I have a class I am adding unit tests to. The class has several constructors which take different types and converts them into a canonical form, which can then be converted into other types.
public class Money { public Money(long l) { this.value = l; } public Money(String s) { this.value = toLong(s); } public long getLong() { return this.value; } public String getString() { return toString(this.value); } }
In reality there are a couple of other types it accepts and converts to.
I am trying to work out what the most appropriate way to test these constructors is.
Should there be a test per-constructor and output type:
@Test public void longConstructor_getLong_MatchesValuePassedToConstructor() { final long value = 1.00l; Money m = new Money(value); long result = m.getLong(); assertEquals(value, result); }
This leads to a lot of different tests. As you can see, I'm struggling to name them.
Should there be multiple asserts:
@Test public void longConstructor_outputsMatchValuePassedToConstructor() { final long longValue = 1.00l; final String stringResult = "1.00"; Money m = new Money(longValue); assertEquals(longValue, m.getLong()); assertEquals(stringResult, m.getString()); }
This has multiple asserts, which makes me uncomfortable. It is also testing getString (and by proxy toString) but not stating that in the test name. Naming these are even harder.
Am I going about it completely wrong by focussing on the constructors. Should I just test the conversion methods? But then the following test will miss the toLong
method.
@Test public void getString_MatchesValuePassedToConstructor() { final long value = 1.00; final String expectedResult = "1.00"; Money m = new Money(value); String result = m.getLong(); assertEquals(expectedResult, result); }
This is a legacy class and I can't change the original class.
To test that a constructor does its job (of making the class invariant true), you have to first use the constructor in creating a new object and then test that every field of the object has the correct value. Yes, you need need an assertEquals call for each field.
Is it worth testing that? Yes, it is often worth testing constructors with their own complex behavior.
JUnit provides lot of methods to test our cases. We can test the constructor of a class using the same techniques we have used in our previous examples. Sometimes we need to initialize the objects and we do them in a constructor. In JUnit we can also do same using the @Before method.

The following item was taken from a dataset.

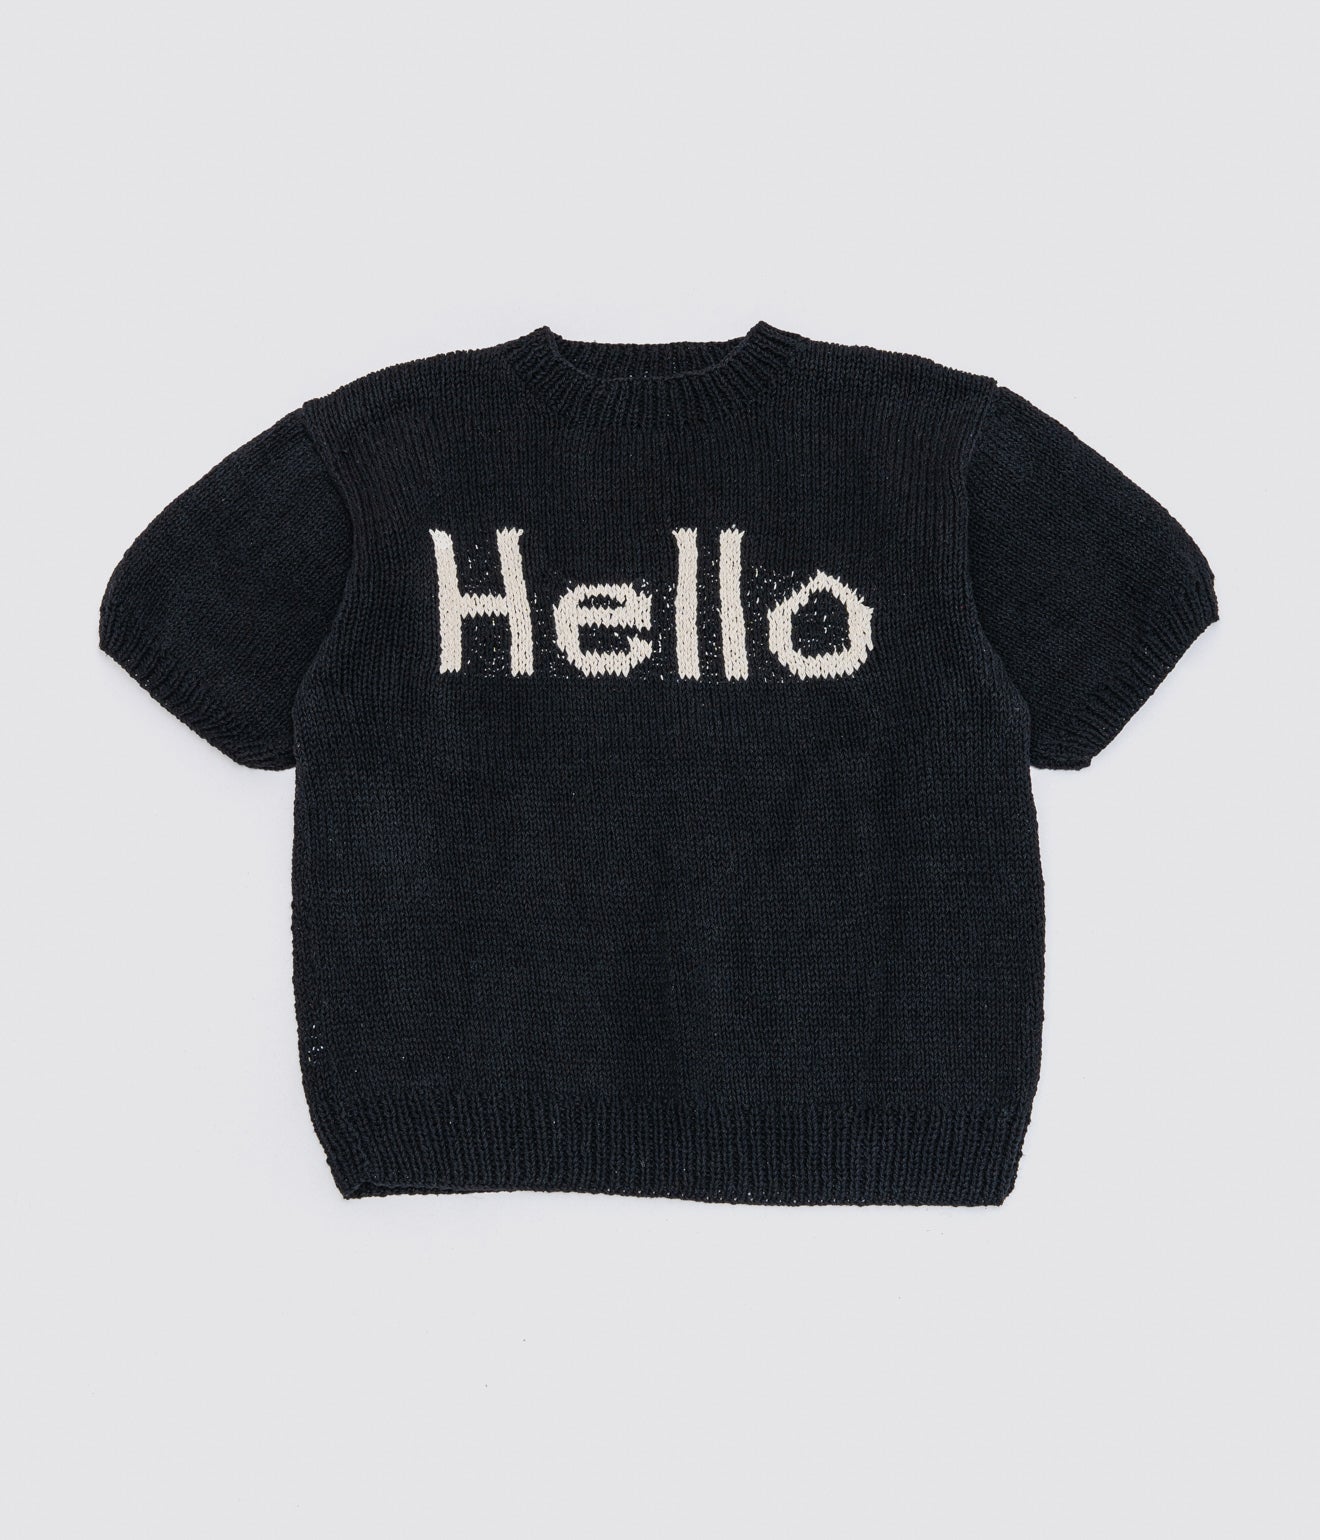 MacMahon Knitting Mills "S/S Crew Neck Knit-Hello" Black - WEAREALLANIMALS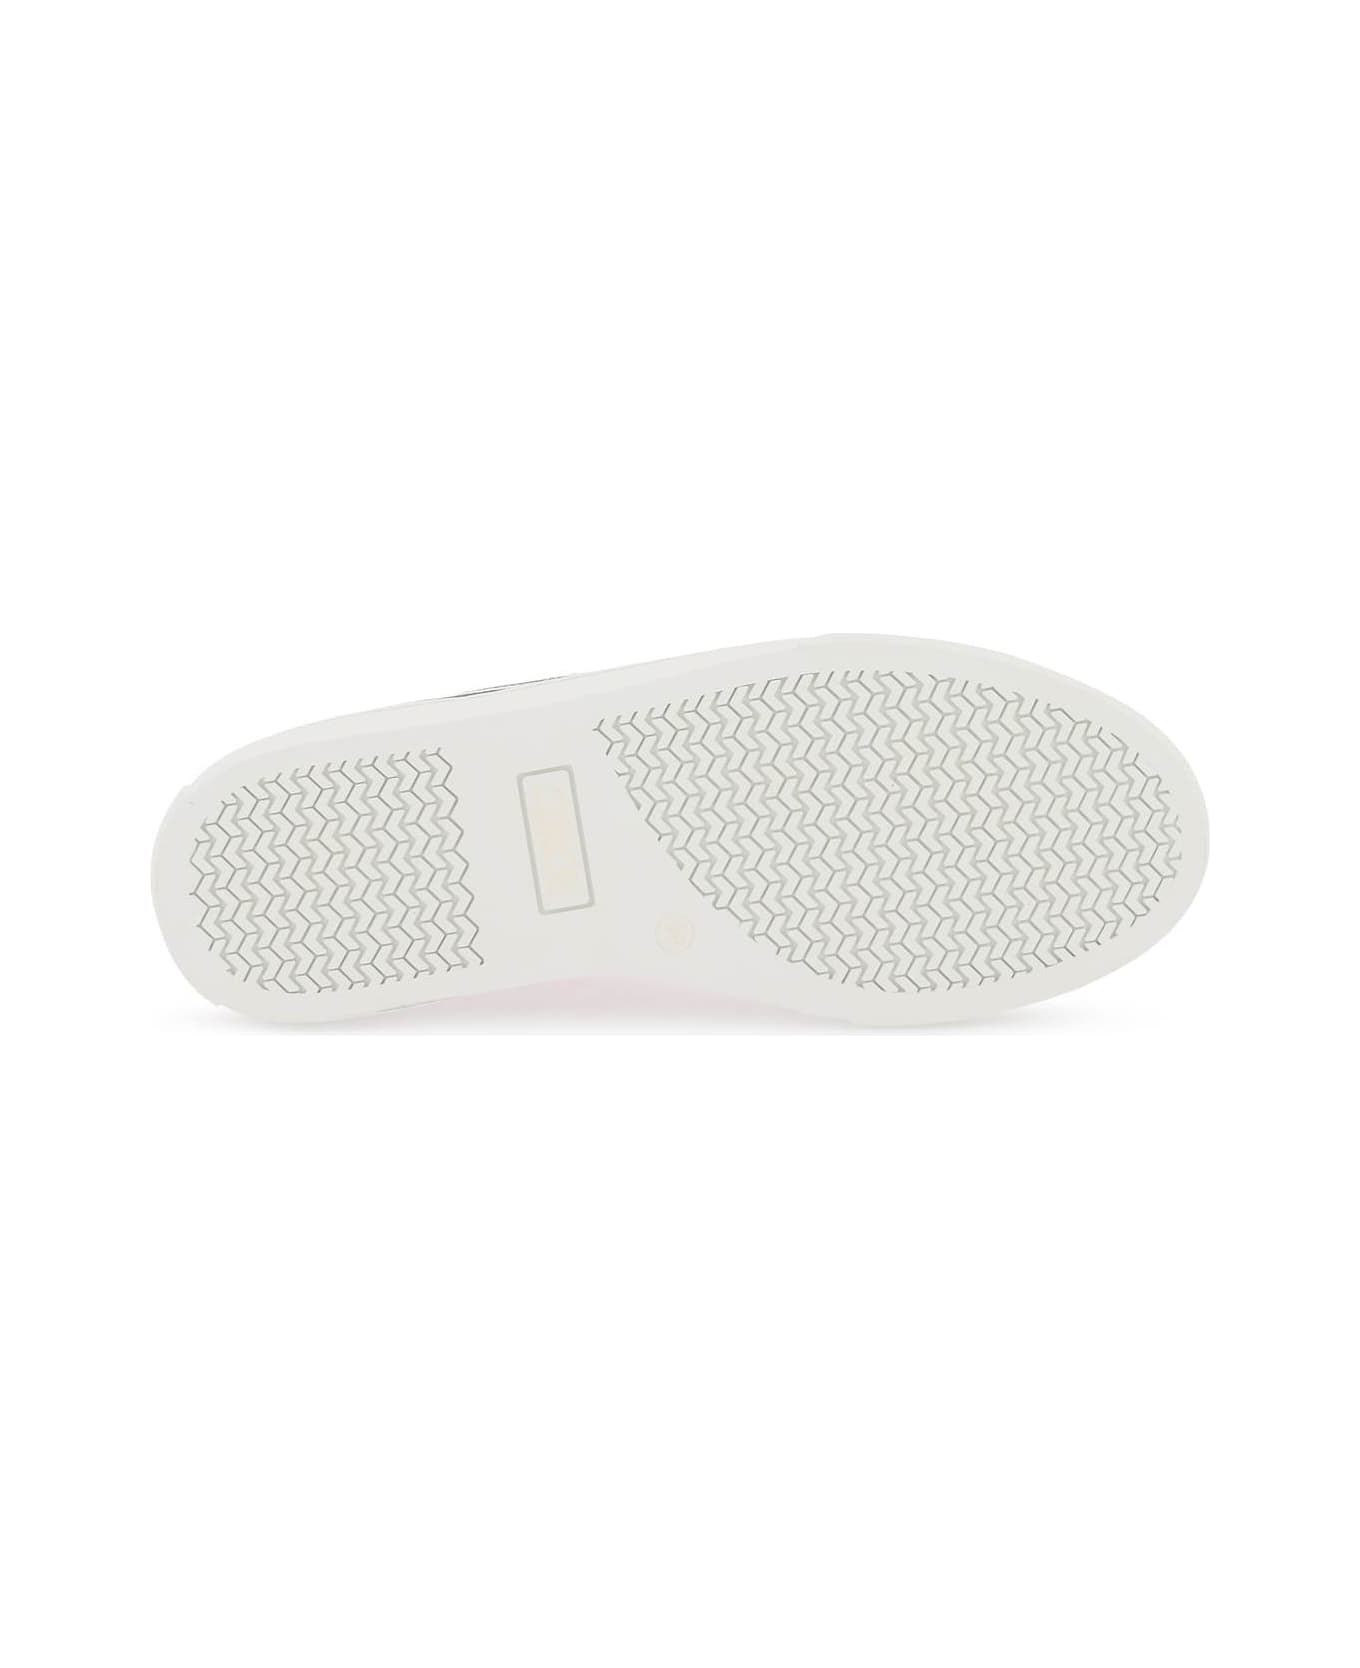 Vivienne Westwood Plimsoll Low Top 2.0 Sneakers - OPTIC WHITE (White)

@Before allows overriding parent class behavior, constructors force you to call parent class constructors. The constructor runs before subclass constructors and @Rule methods, @Before runs after all of those. Exceptions during @Before cause @After methods to be called, Exceptions in constructor don't.
It looks like you've got a canonical way of getting the "raw" value (toLong
in this case) - so just test that all the constructors are correct when you fetch that value. Then you can test other methods (such as getString()
) based on a single constructor, as you know that once the various constructors have finished, they all leave the object in the same state.
This is assuming somewhat white-box testing - i.e. you know that toLong
is really a simple reflection of the internal state, so it's okay to test that + a constructor in a test.
The expected result from a constructor test is: an instance has been created
Following this idea you could limit the work in constructor tests to pure instantiation:
@Test public void testMoneyString() { try { new Money("0"); new Money("10.0"); new Money("-10.0"); } catch (Exception e) { fail(e.getMessage()); } } @Test public void testMoneyStringIllegalValue() { try { new Money(null); fail("Exception was expected for null input"); } catch (IllegalArgumentException e) { } try { new Money(""); fail("Exception was expected for empty input"); } catch (IllegalArgumentException e) { } try { new Money("abc"); fail("Exception was expected for non-number input"); } catch (IllegalArgumentException e) { } }
A test to verify if the conversions work could be assigned to the getters.